We can't make decisions based on epidemiologists who get a lot of retweets either. Professor Neil Ferguson claimed 500,000 Brits would die unless they went into lockdown until June - and then had his married lover sneaking over to see him in violation of the policies he got England to implement. He didn't believe his own model, how can the British public? But if her husband was an expert in modeling and conceded Professor Lockdown was still right, that would really mean something.

The kind of meta-analysis approach in the paper is not new but because these techniques are also often abused by the same epidemiologists who told us bacon is as hazardous for your health as asbestos, it can still be hard to trust. But we do have to pick a spot and start somewhere, even without all of the data. After that, you can converge on a better answer.

So if I were on President Trump's advisory panel I would recommend some cranky old expert in statistics to oversee any recommendations involving models. Statistics experts can see all of the flaws in the numerical methodology epidemiologists use, they never believe the data or the modeler without fact-checking. They don't believe anything until the method is proven valid.

NOTES: 

(1) This century brought a desire to get one of those high-paying tenure jobs and schools are pushing out 6X as many PhDs as there are university jobs - so now only 10 percent of R01 applicants will get a grant.
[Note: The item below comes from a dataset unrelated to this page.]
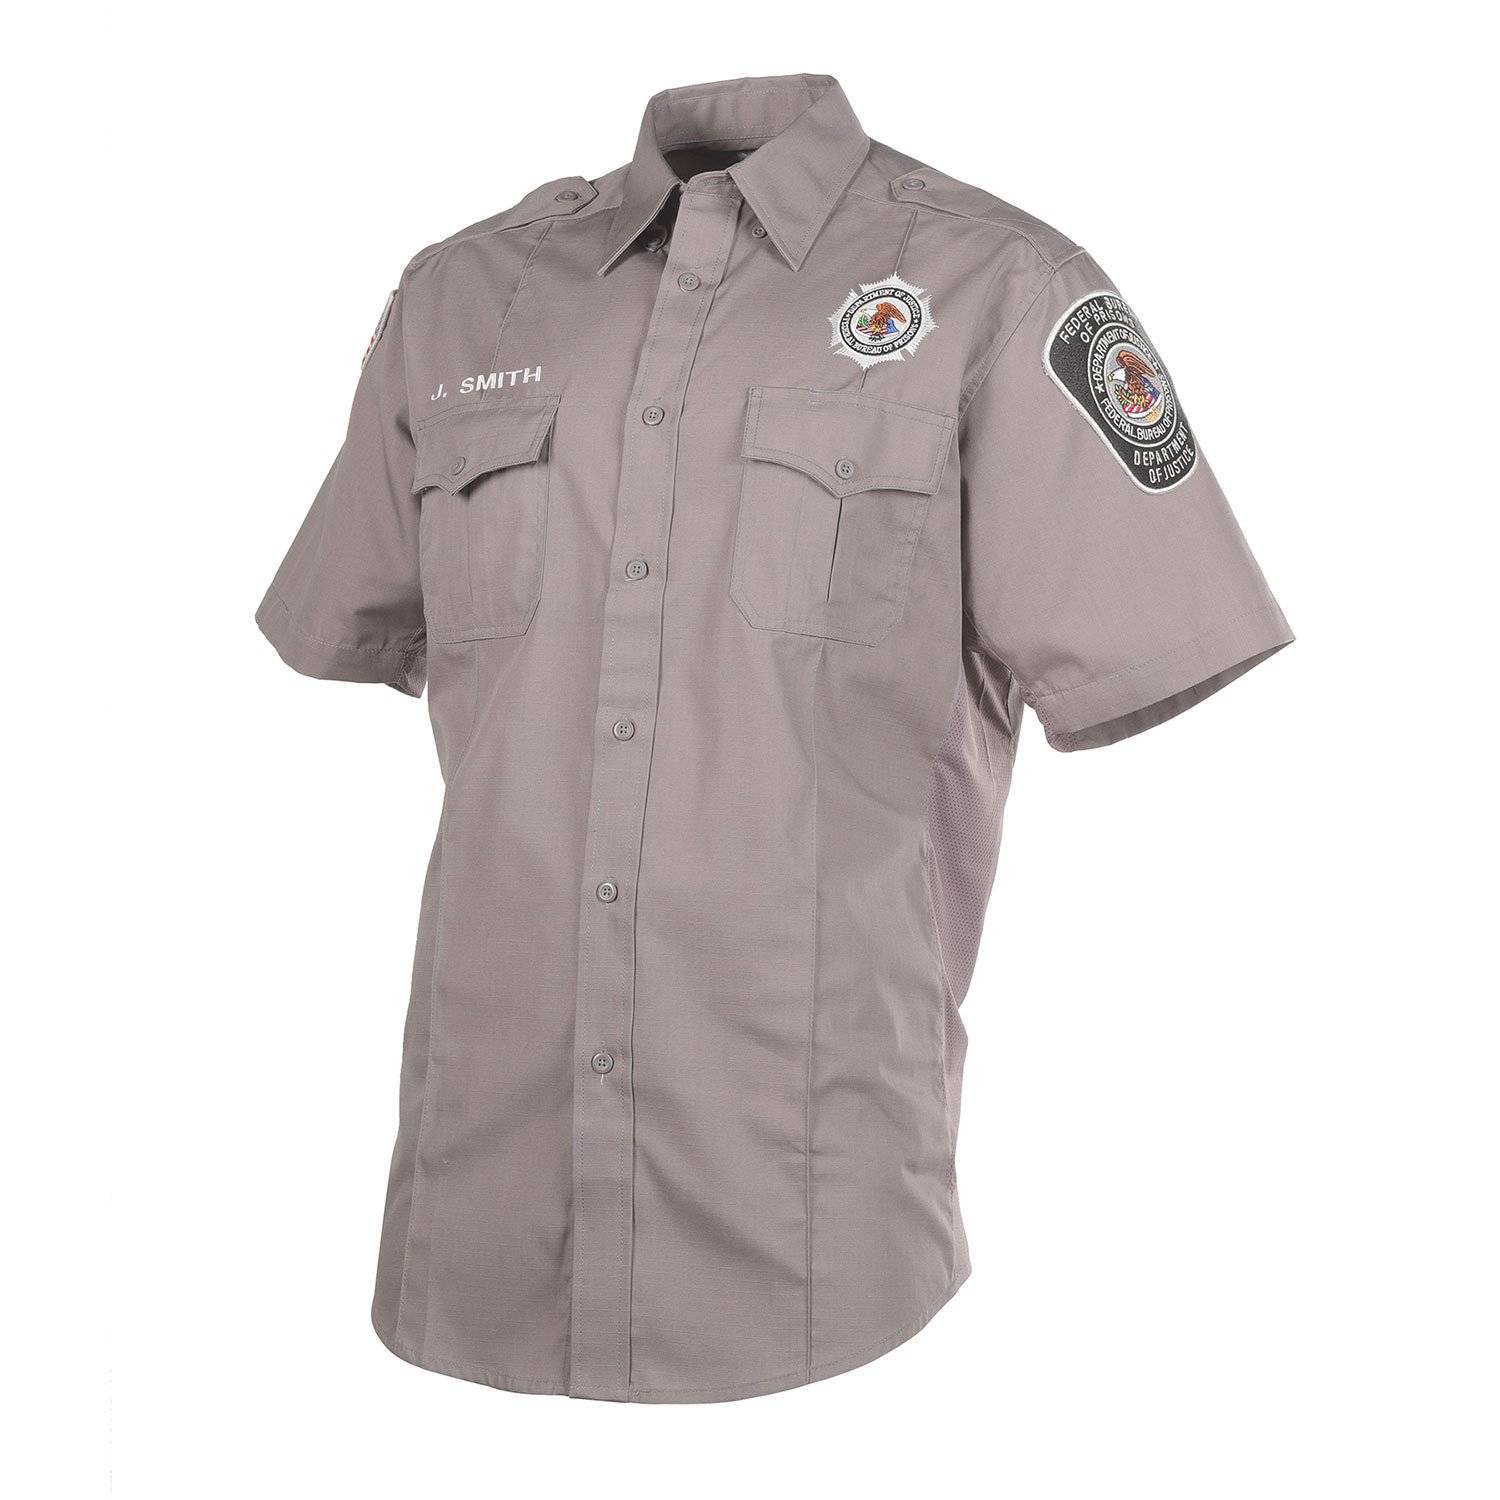 Galls FBOP Men's Utility Short-Sleeve Uniform Shirt (Nickel
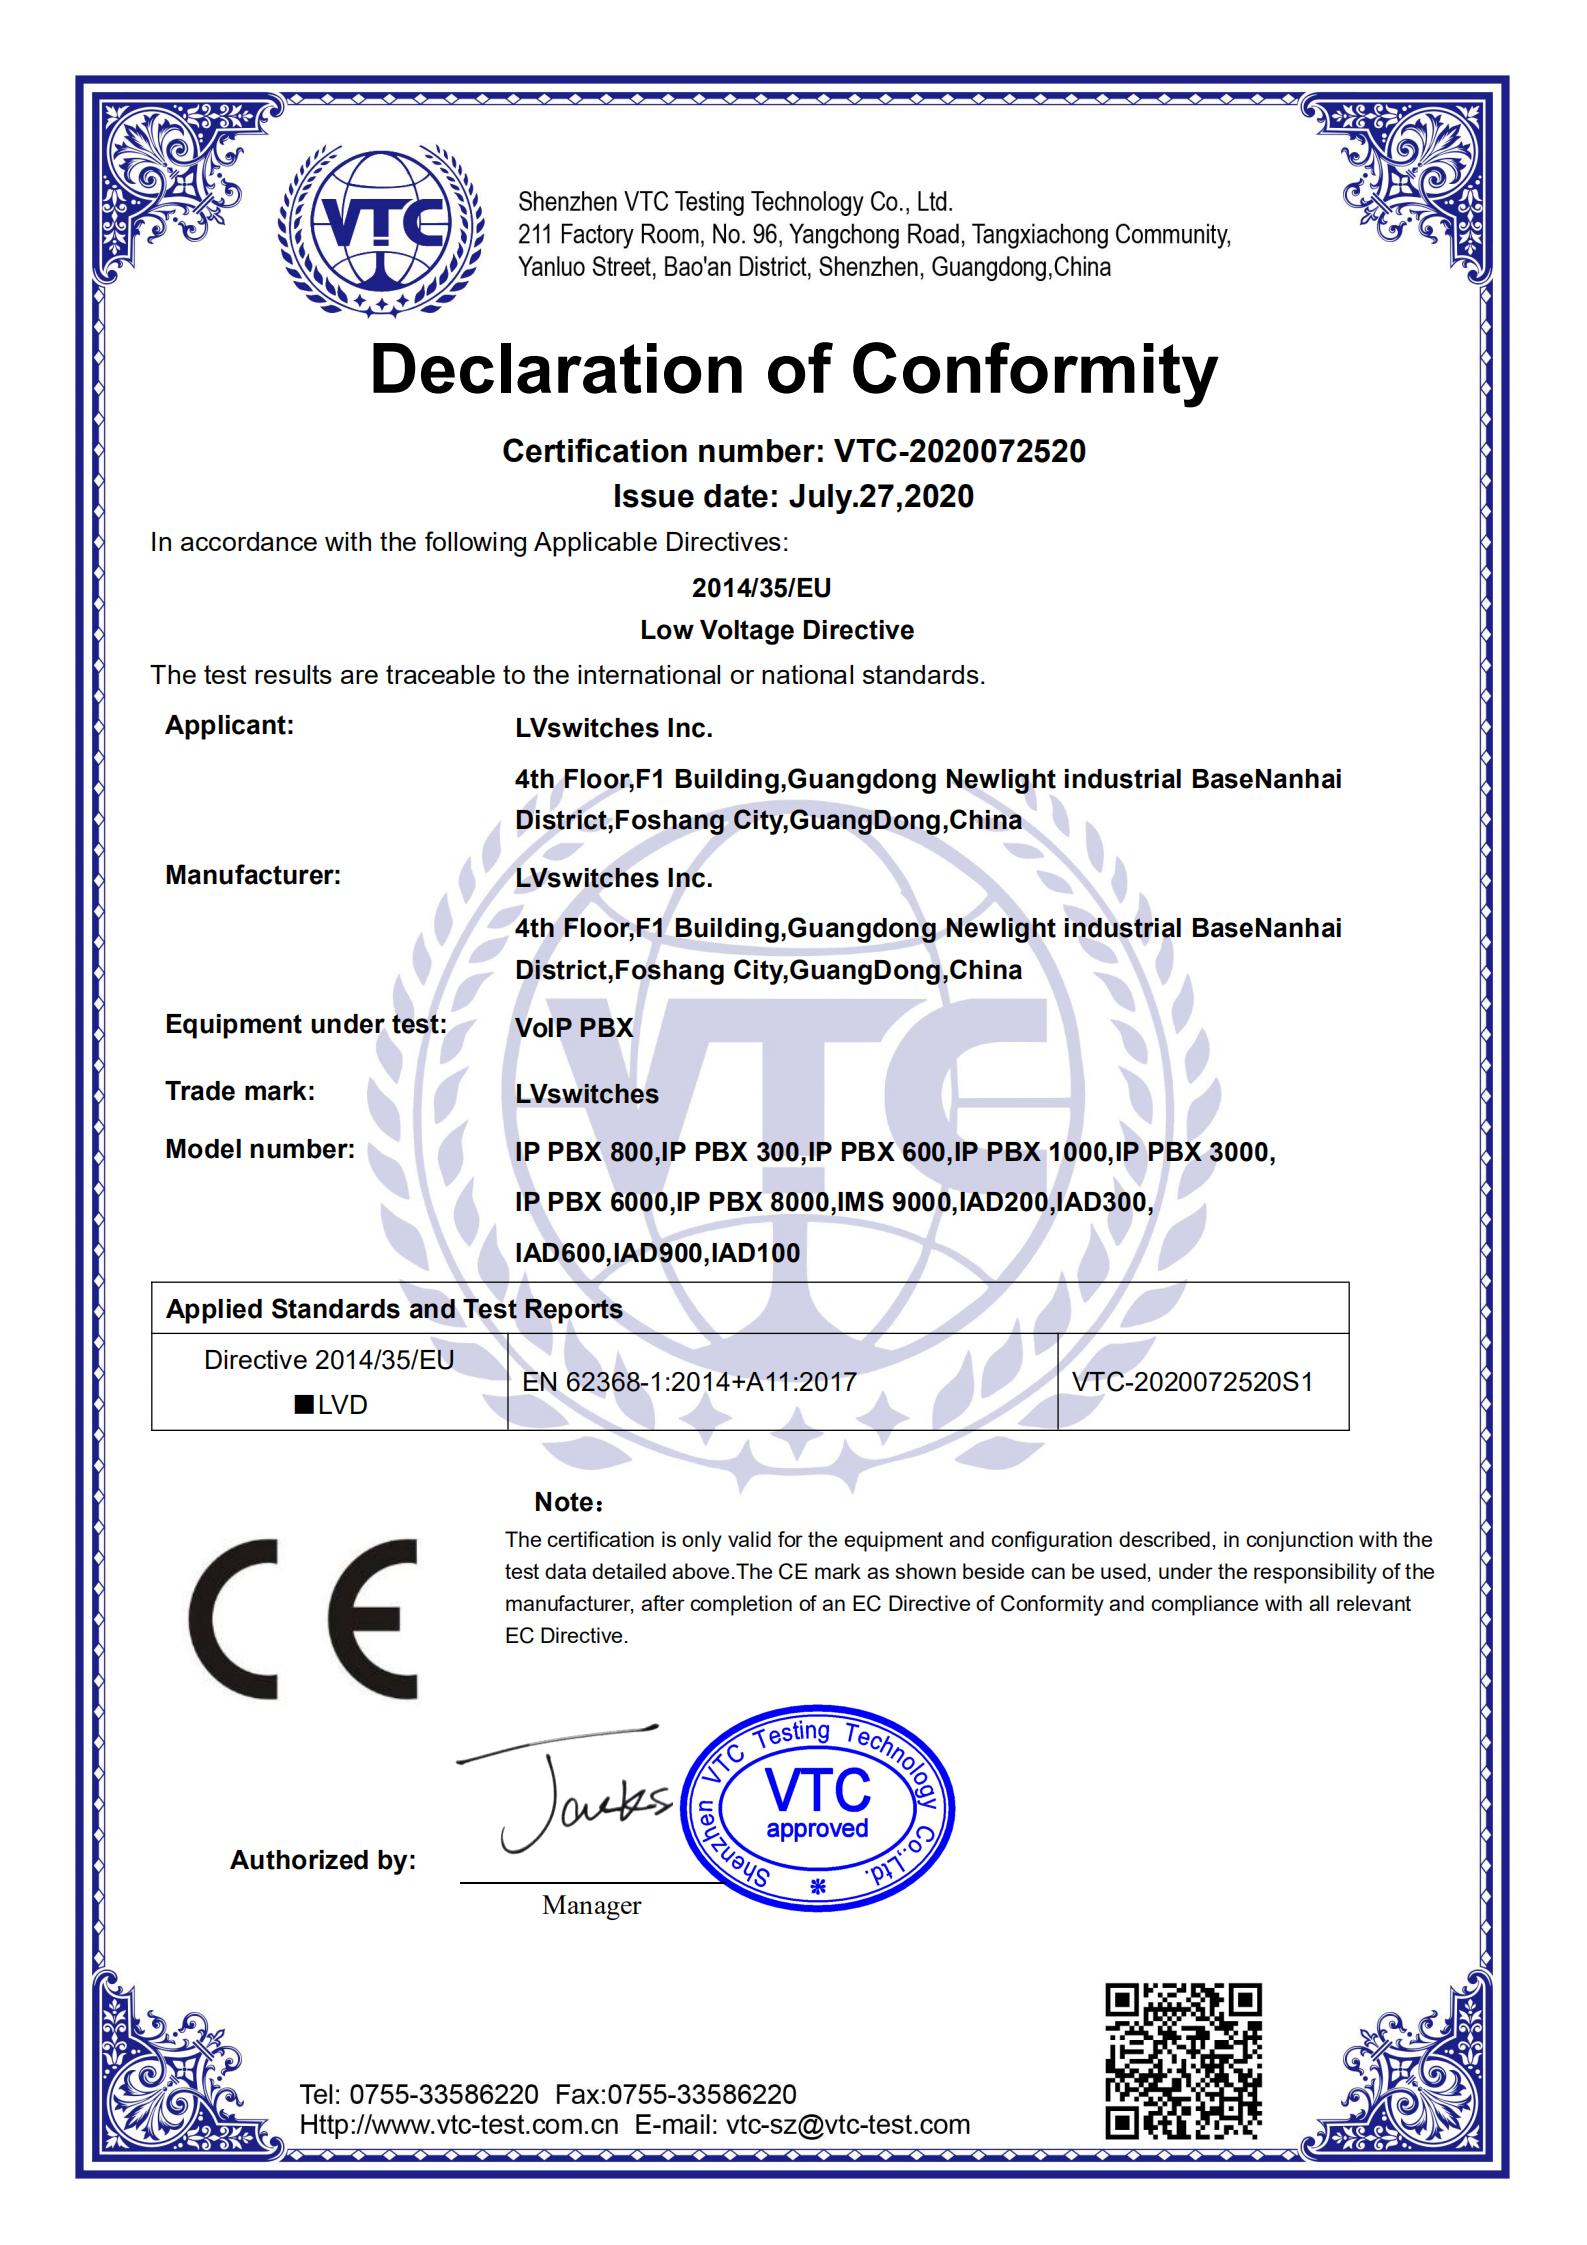 CE LVD Certificate_VTC - Certificado en Inglés

(2) The same way few are willing to apply for a grant for a bold experiment that might fail. If you fail, your career could be over. It is much safer to create a modest experiment likely to succeed, which is why academia has become more incremental. 

(3) The only problem may be when politicians say there can be "no risk" as part of their political theater, like often happens with food, energy, chemicals, and medicine, but that lack of logic is not the problem for groups creating the models.

(4) If only epidemiology papers carried the kinds of warnings they set out to get placed on useful products using nothing more valid than cell cultures, studies in rats, and breezy correlation:


(5) In a recent survey, 25 percent still said they wouldn't take a vaccine to prevent COVID-19.